Markov Chain-based Policies for Multi-stage Stochastic Integer Linear Programming
Résumé
We introduce a novel aggregation framework to address multi-stage stochastic programs with mixed-integer state variables and continuous local variables (MSILPs). Our aggregation framework imposes additional structure to the integer state variables by leveraging the information of the underlying stochastic process, which is modeled as a Markov chain (MC). We present an exact solution method to the aggregated MSILP, which can also be used in an approximation form to obtain dual bounds and implementable feasible solutions. Moreover, we apply two-stage linear decision rule (2SLDR) approximations and propose MC-based variants to obtain high-quality decision policies with significantly reduced computational effort. We test the proposed methodologies in a novel MSILP model for hurricane disaster relief logistics planning.
Biographie
Merve Bodur is an Assistant Professor in the Department of Mechanical and Industrial Engineering at the University of Toronto. She also held a Dean’s Spark Professorship in the Faculty of Applied Science and Engineering (2018-2021). She is a faculty associate of University of Toronto Transportation Research Institute, Smart Freight Centre, and Centre for Healthcare Engineering at the University of Toronto.

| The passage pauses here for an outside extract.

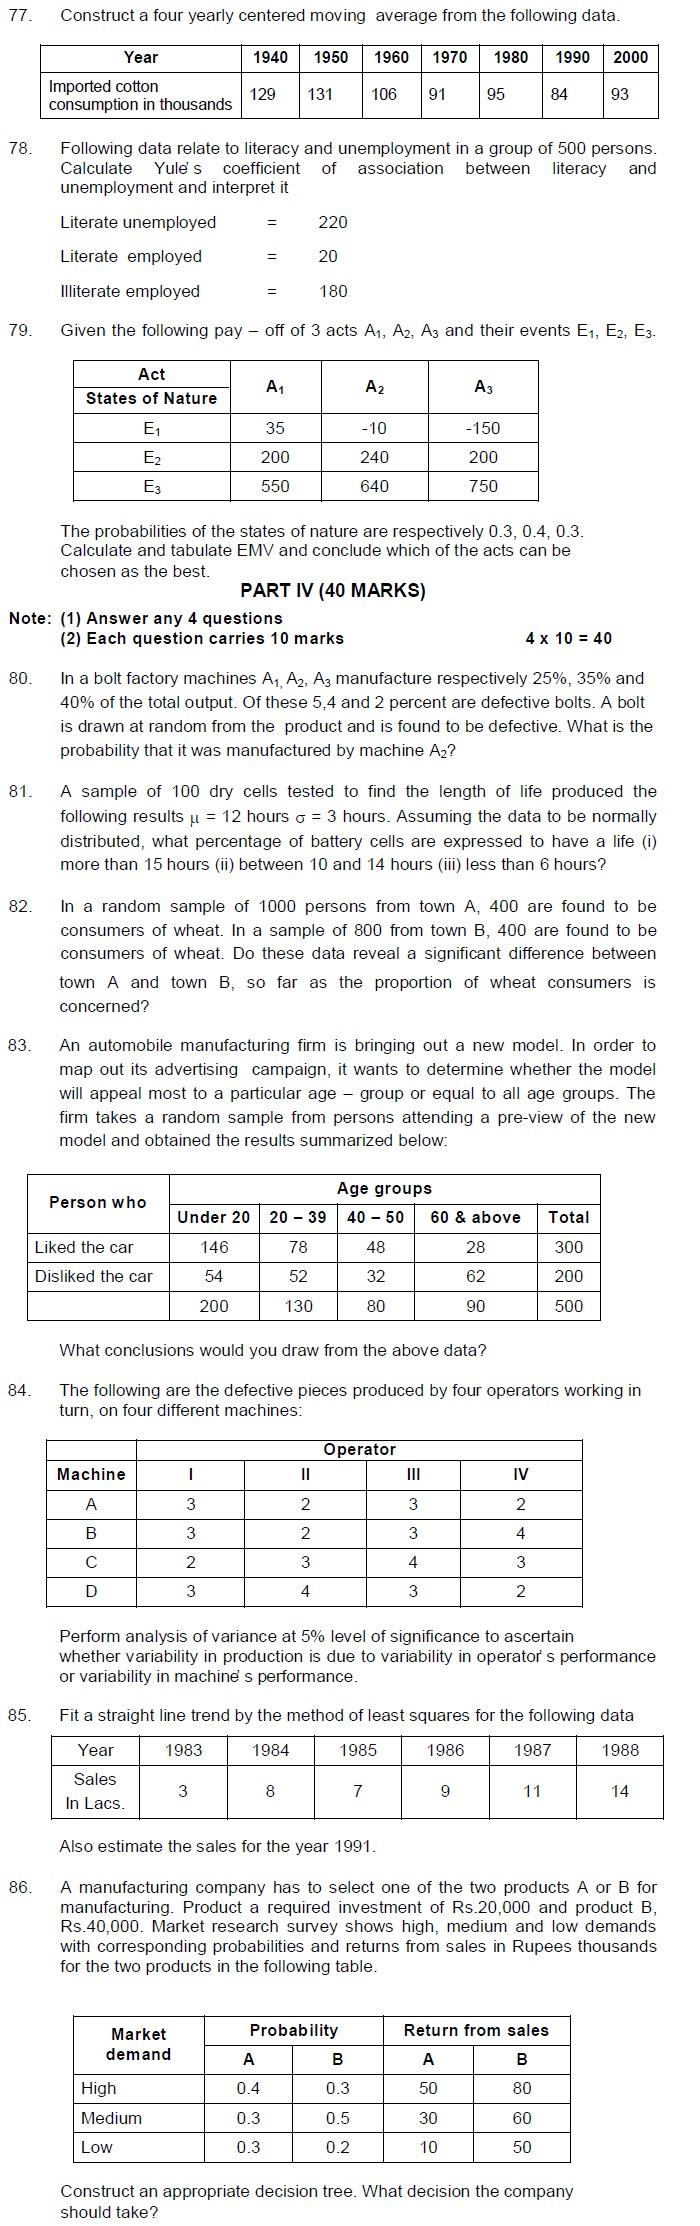 Tamil Nadu State Board Class 12 Model Question Paper - Statistics

Currently, she is the INFORMS Optimization Society Vice Chair of Integer and Discrete Optimization. She obtained her Ph.D. from University of Wisconsin-Madison and did a postdoc at Georgia Institute of Technology. She received her B.S. in Industrial Engineering and B.A. in Mathematics from Bogazici University, Turkey. Her research interests include stochastic programming, integer programming, multiobjective optimization and combinatorial optimization, with applications in a variety of areas such as scheduling, transportation, power systems, healthcare and telecommunications.